When speaking with clients and other R users at events such as LondonR and EARL I’ve noticed an increasing trend in people looking to learn some python as the next step in their data science journey. At Mango most of our consultants are pretty happy using either language but as an R user of 12 or so years I’ve only ever dabbled with python. Recently however I found myself having to learn quickly and so I thought I’d share some of my observations.
Before you stop reading I should say that I am fully aware that there are many blog posts covering the high level pros and cons of each language. For this post I thought I’d get down to the nitty gritty. What does an R user really experience when trying to pick up python? In particular what does an R user that comes from a statistics background experience?
Personally I found eight (I wanted 10 but python is too good) and here they are:
- Lack of Hadley. So there is a Wes but there is a lot of duplication in functionality between packages. To start with you import statistics and find the mean function only to find it has been re-written for pandas. Later you find that everyone has their own idea on the best way to implement cross-validation. All very confusing when you start out. This brings me on to:
- Plotting. I had heard a lot of good things about matplotlib and seaborn but ggplot2 is streets ahead (IMHO). I would even go as far as to say that ggplot2 has a shallower learning curve.
- IDEs. Hats off to RStudio for changing the R world when it comes to IDEs. I remember a time before RStudio when the R GUI, StatET and Tinn-R were the norm. How things have improved. Sadly, python is not quite there yet. As an RStudio user I opted for Spyder. It’s OK but the script editor needs some work. The integration in Jupyter Notebook seems much better when I chat with colleagues but I’m just not a big fan of notebooks.
- Namespaces. I’ve lost count of the number of times I’ve told trainees on an intro to R course that masking very rarely trips you up as a user (unless you’re building packages it really doesn’t). Let’s just say that in python you have to be careful. Bring too much in and you’ll overwrite your own objects and cause chaos. This means you bring in things as and when you need them. Having to explicitly import OS utilities in order to change the working directory and so on is frustrating. That said, python’s capabilities are a little better than R in this area.
- Object Orientation. I’ve grown to love R’s flexible S3 classes with lines like:
> x <- 5 > class(x) <- "just_made_this_up" > x  5 attr(,"class")  "just_made_this_up"
In python I am never quite sure what methods exist for an object and when to just go functional. You also really have to know about classes to work with python effectively whereas a casual R user can get by without even knowing that R has a class system.

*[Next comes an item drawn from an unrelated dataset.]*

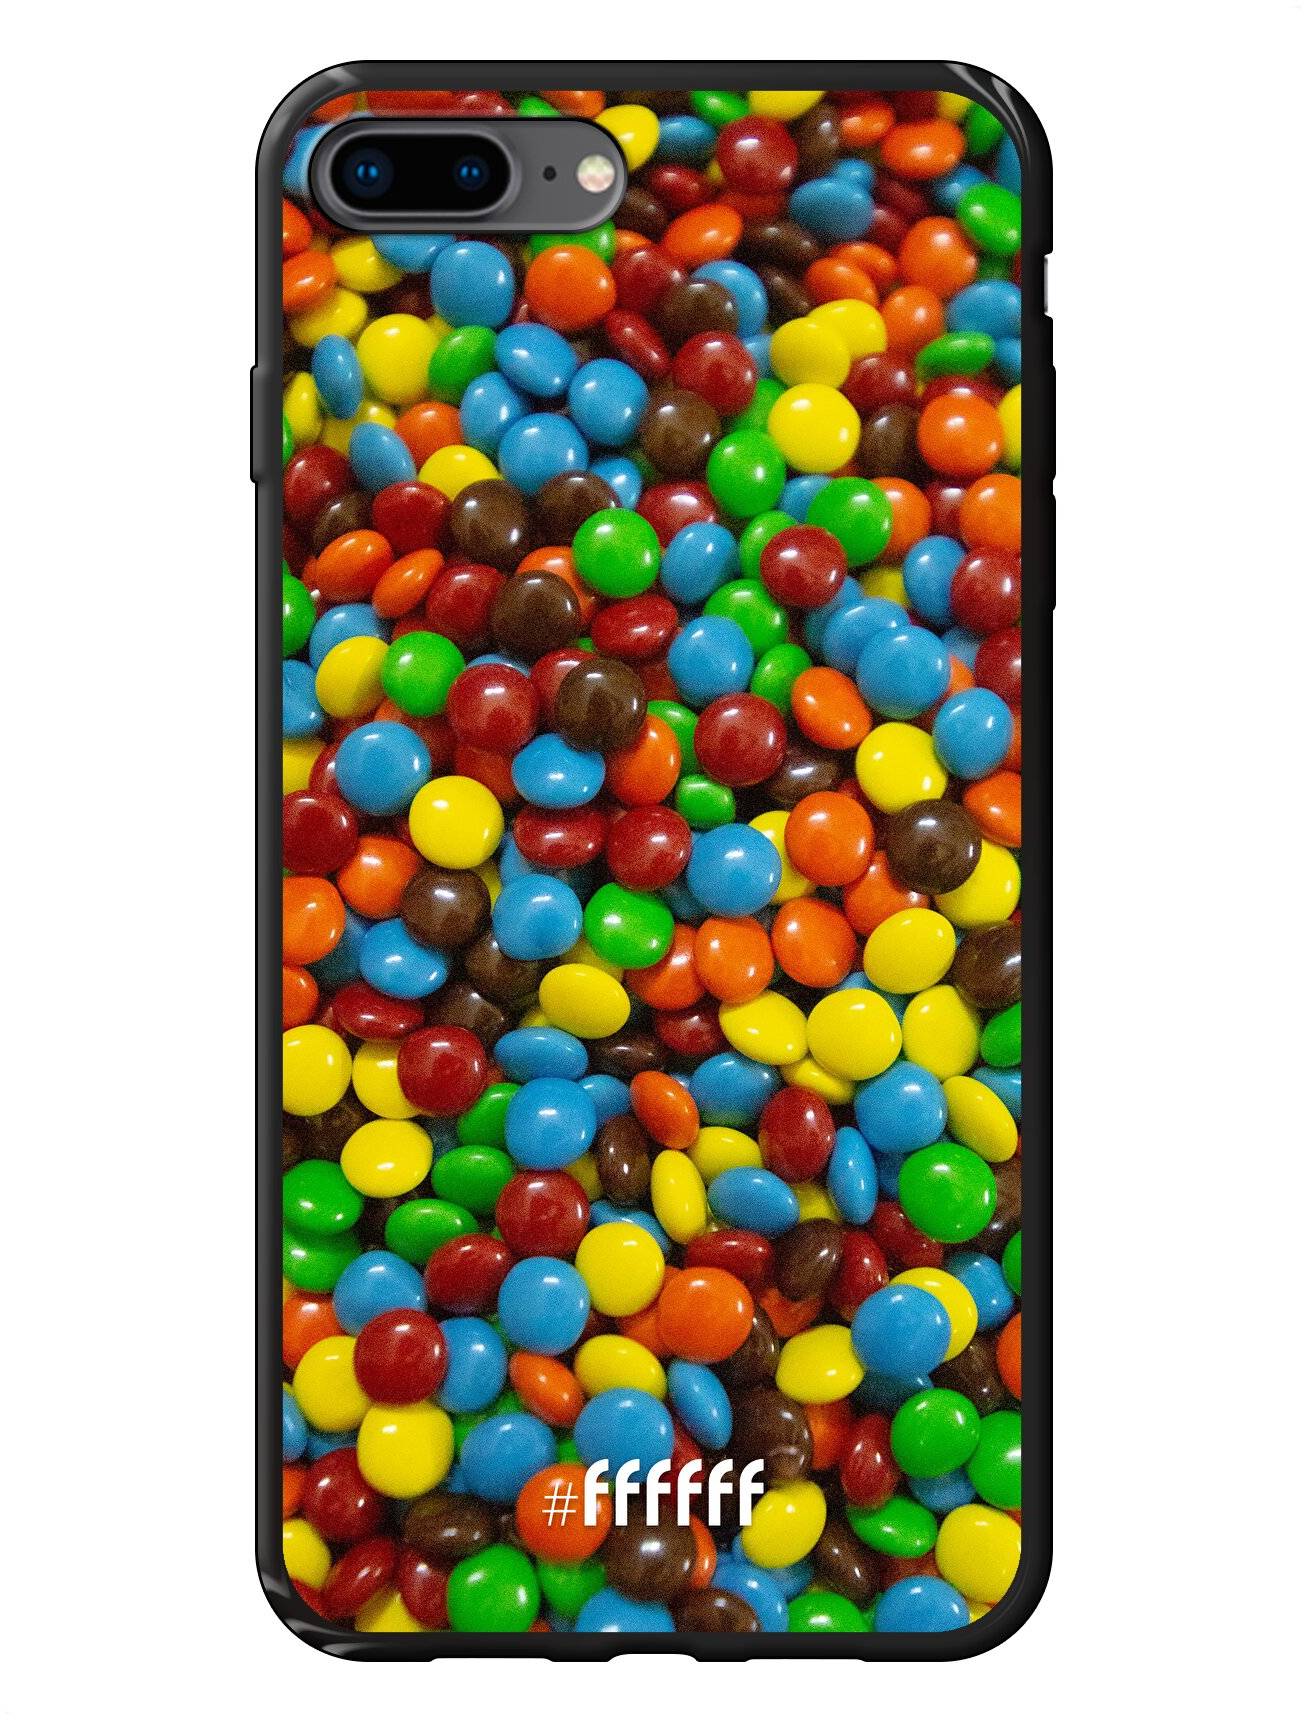 Chocolate Festival iPhone 8 Plus

- Reliance on R. On my recent project I was using the best of the statistical capabilities in python. First off I should say that it’s basically all there (except for stepwise GLMs for some bizarre reason). However, although I’ve always known that most of the statistical modelling capabilities in python have been ported from R the documentation is pretty lazy and most of it just points you at the R documentation. The example datasets are even the same! Speaking of the documentation.
- Help documentation. I can only speak for the more popular packages in the two languages but the R documentation is much more plentiful and generally contains a lot more examples.
- Zero-based arrays. I couldn’t write a list without this coming up. I do love it when smug coders that have developed in other languages tell me that R is the exception here by indexing from 1. However, as a human being I count from 1 and this will always make more sense to me. Ending at n-1 is also confusing. Compare:
# R x = seq(2,10, by = 2) x[1:3] # Select first 3 elements  2 4 6
# Python x = list(range(2,11, 2)) x[0:3] # Select first 3 elements [2, 4, 6]
What I was impressed by was how extensively the statistical capabilities in R have been ported to python (I wasn’t expecting the mixed modelling or survival analysis capabilities to be anything like that in R for example). However, as an existing R user there really is no point in switching to python for statistics. The only benefit would be if you were using python for, say, extensive web-scraping and you wanted to be consistent. If that’s your reason though then let me point you towards Chris Musselle’s blog post, “Integrating Python and R Part II – Executing R from Python and Vice Versa”. And don’t forget that you can also just use rvest.
So my advice would be if you’re going to try to learn python, don’t learn it with the intention of using it to build models. Learn it because it’s a more flexible all-round programming language and you have some heavy lifting to do. Just find something that’s hard to do in R and try using python for that. Otherwise you’ll end up like me, writing a whingy blog post!